If I could talk to my terrified, first time mother self, there are a few things I’d tell her:

  • Hubby is just as scared and clueless as you are. He’s not the enemy. Hug each other, a lot. Talk.
  • Being tired all the time is inconvenient and a mammoth pain in the arse, but normal. Being angry, tearful, emotional, guilty, anxious and scared all the time is not.
  • Ask for help. Ask anyone.
  • Drop the standards. Dog hair on the floor really isn’t a big issue. Haven’t made the bed? Meh.
  • Admit that it’s not like you thought it would be
  • Ask for help.
  • Sometimes, you’ll be unspeakably bored
  • Reflux babies can happen (I’m not sure I’d ever heard of reflux before D came along. Now the mere mention of it sends shivers down my spine)
  • First thing in the morning, right after Hubby leaves for work will be the single most lonely and scary moment of the day – hours to fill, crying baby, no adult company – utter panic.
  • Ask for help.
  • Throw out the parenting book!! Burn it if you have to. 
  • Did I mention ask for help?

It is not easy. I’d go so far as to say becoming a parent was the hardest thing I’ve ever done. I love my kids, absolutely and completely, more than I ever thought possible, but there’s no escaping just how hard it is.

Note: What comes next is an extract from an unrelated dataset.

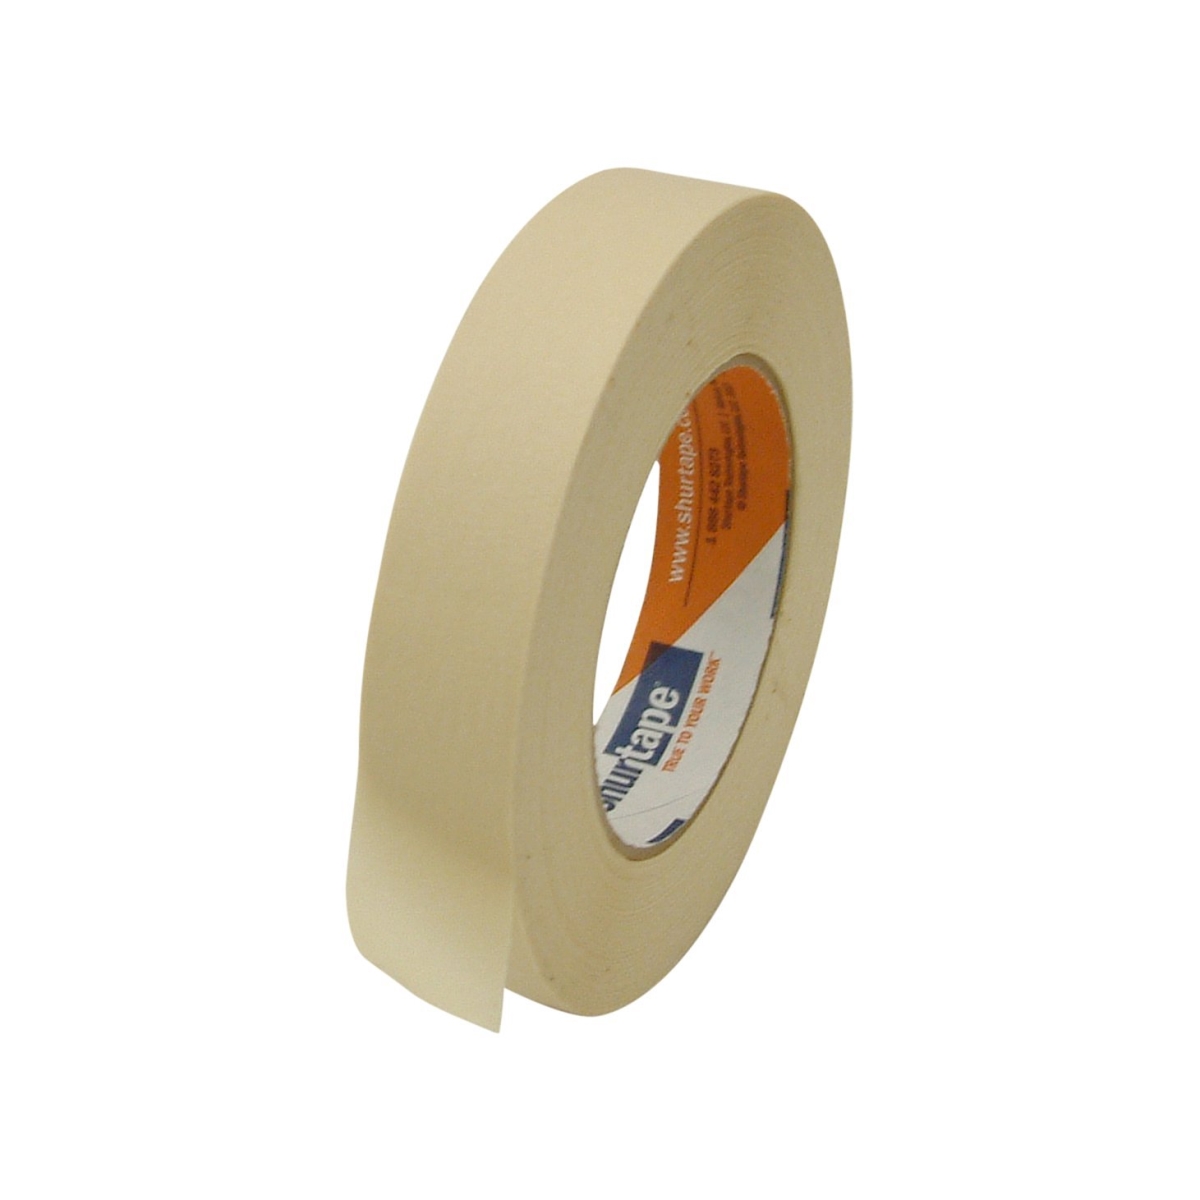 689-e2b 1.5 In. X 60 Yards Mask Tape, Natural

Do I have a point? I’m actually not sure. No, I do. If you’re reading this and you’re at home with a baby, be kind to yourself. Be kind to your baby Daddy. It will be all too easy to get angry with him, resent him for having the freedom to go to work, and play tired olympics over and over again. You’re in this together and you have to look after each other. Tell him what’s on your mind, or if you’re struggling, or going stir crazy for want of a little adult conversation. You’re not wonderwoman, you’re human. You’ll make mistakes. Sometimes, despite your best efforts your little cherub will be inconsolable, you’ll have no idea why or how to fix it and you’ll want to tear your hair out. But, you’ll muddle through the best you can. And someday, that little cherub will be about to turn 6 and be able to talk about the big bang and dinosaurs and make you laugh till you cry, or surprise you with a bear hug, or make you immeasurably proud of him for mastering something new. He’ll need you to wrap your arms around him and tell him you love him every night before he goes to sleep, and he’ll smile and blow kisses to you constantly during his first school play. He’ll melt your heart. Suddenly, you’ll realise that you survived those first few months. Not only did you survive it, you actually did a pretty good job.

This article has 2 Comments

  1. Well done for writing such an honest article.. I wish all mothers were as honest. Maybe then the reality of motherhood especially for first timers would be heard and prepare women (with.out scaring them 🙂 for the reality of life with children. I too felt immense loneliness , tiredness, feelings of "crazy" in the early days and still do sometimes. I think a huge part of the loneliness for me is living in a town away from family.. just needed that someone familiar to visit or to get out of house and go to for a while ! The importance of having a good support system (family and friends) around on a daily basis for new mothers is hugely important in my opinion.